◆ Assignment
Please set down exactly the lines from the one that contains "Very Light Pink" through the end of the material, leaving out every picture.

◆ Dataset content

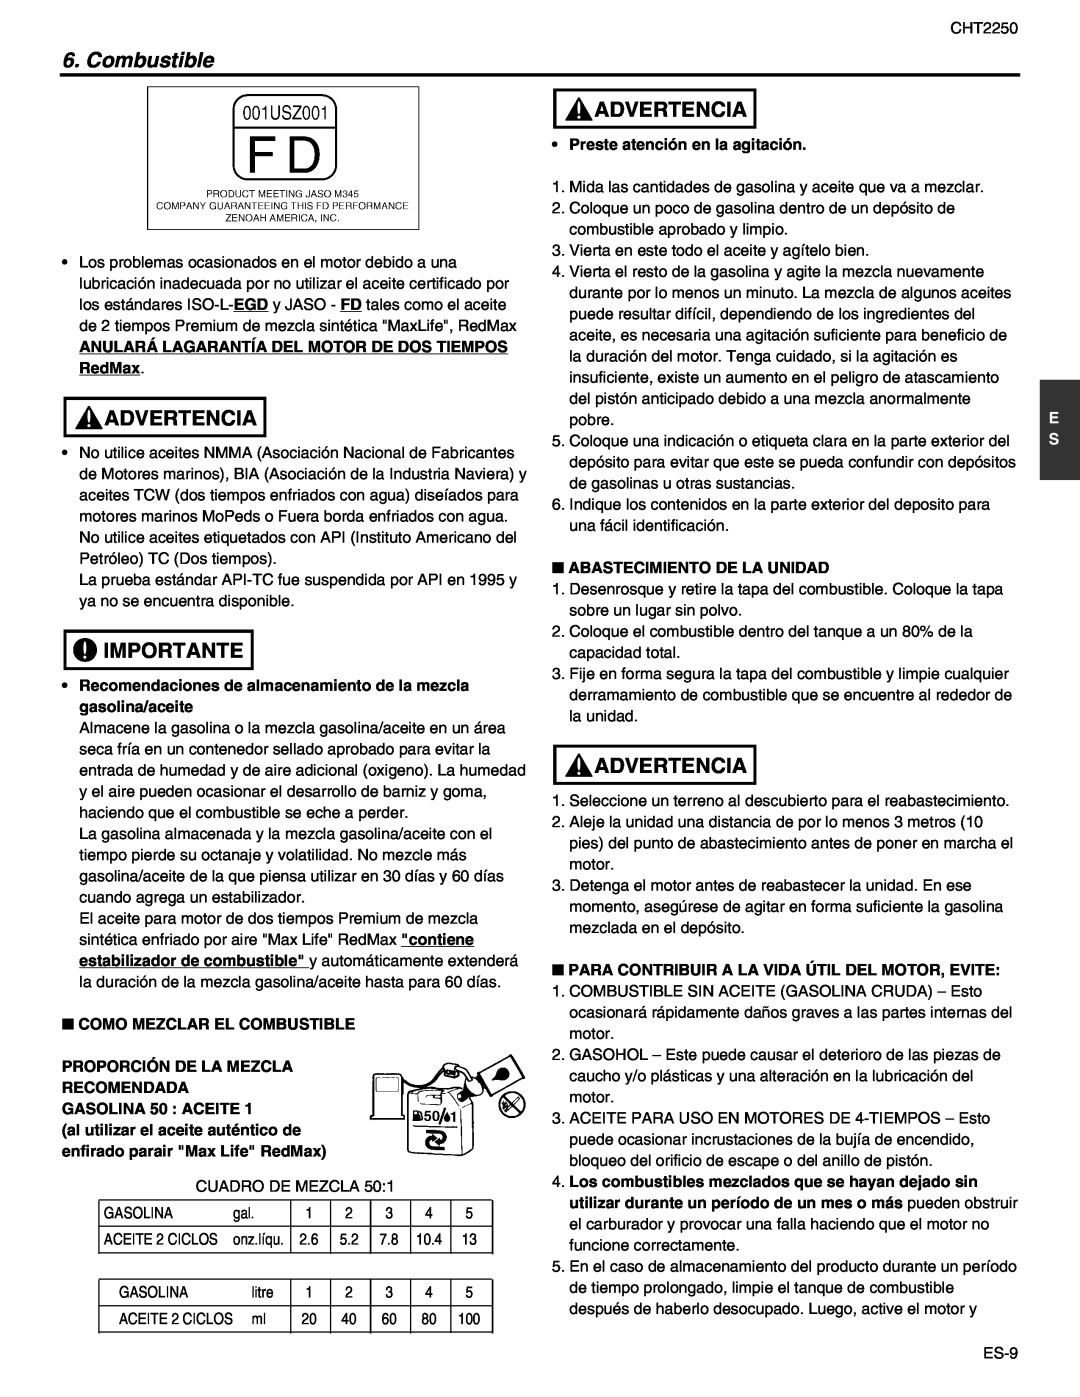 RedMax CHT2250 manual Combustible, Advertencia, Importante 
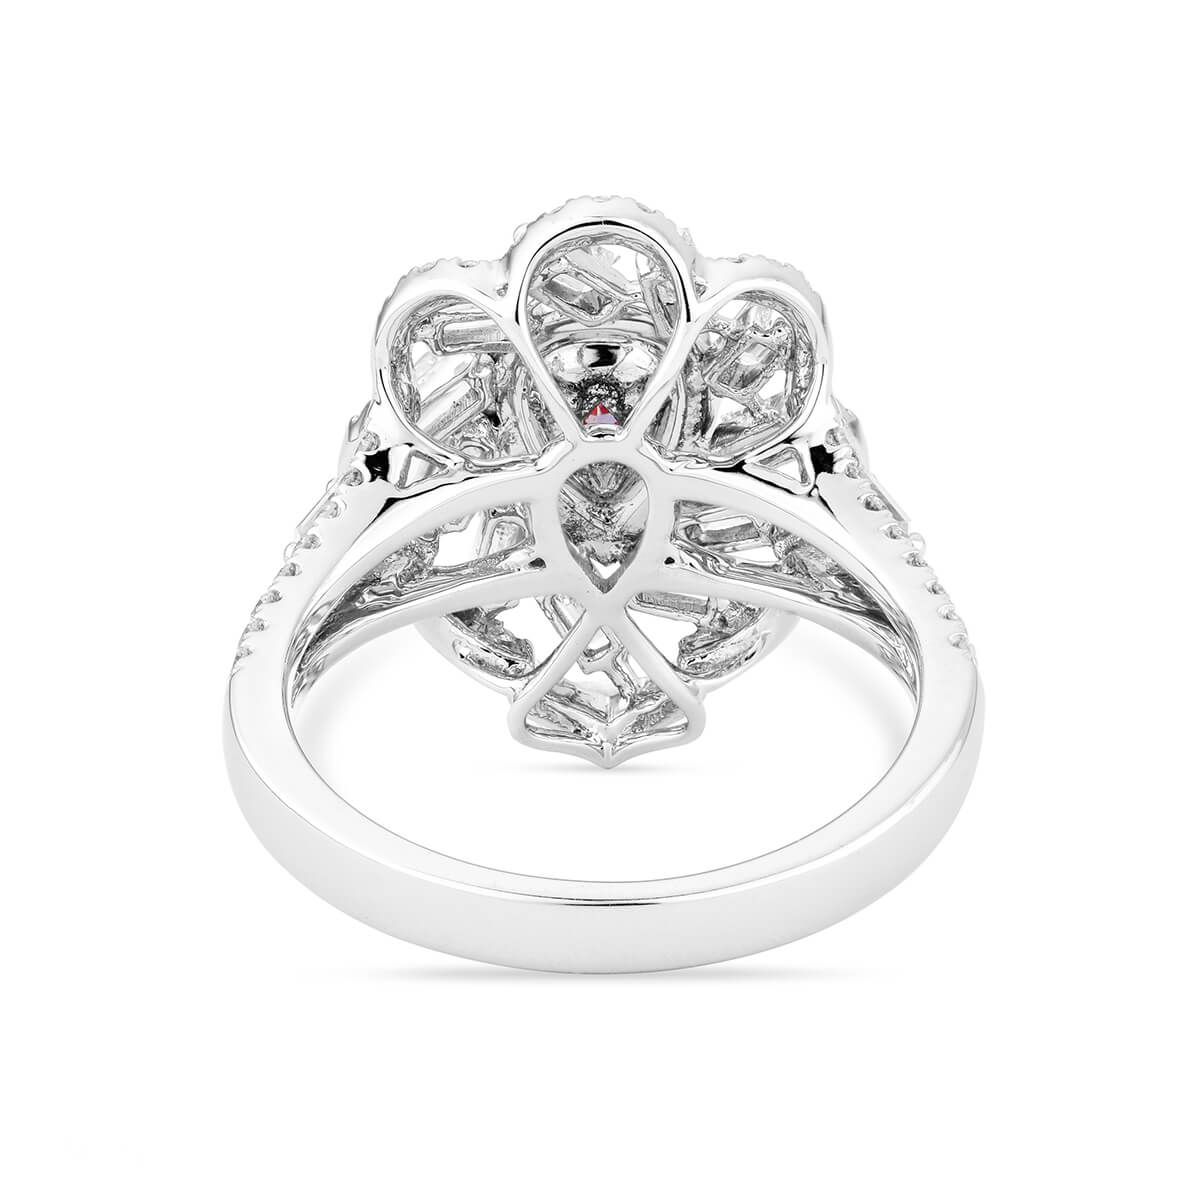 Very Light Pink Diamond Ring, 0.45 Ct. (1.40 Ct. TW), Pear shape, GIA Certified, 5191307870
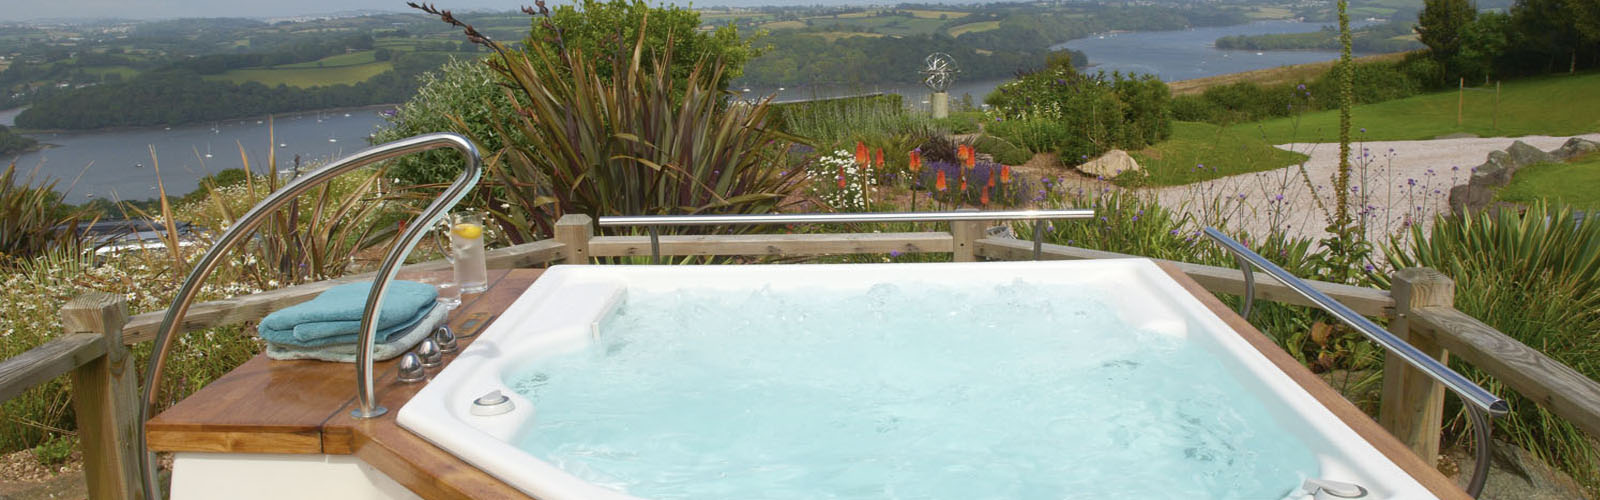 Luxury Holiday Cottages In Devon With A Hot Tub Kate And Tom’s

◆ Expected answer
 Very Light Pink Diamond Ring, 0.45 Ct. (1.40 Ct. TW), Pear shape, GIA Certified, 5191307870
 Luxury Holiday Cottages In Devon With A Hot Tub Kate And Tom’s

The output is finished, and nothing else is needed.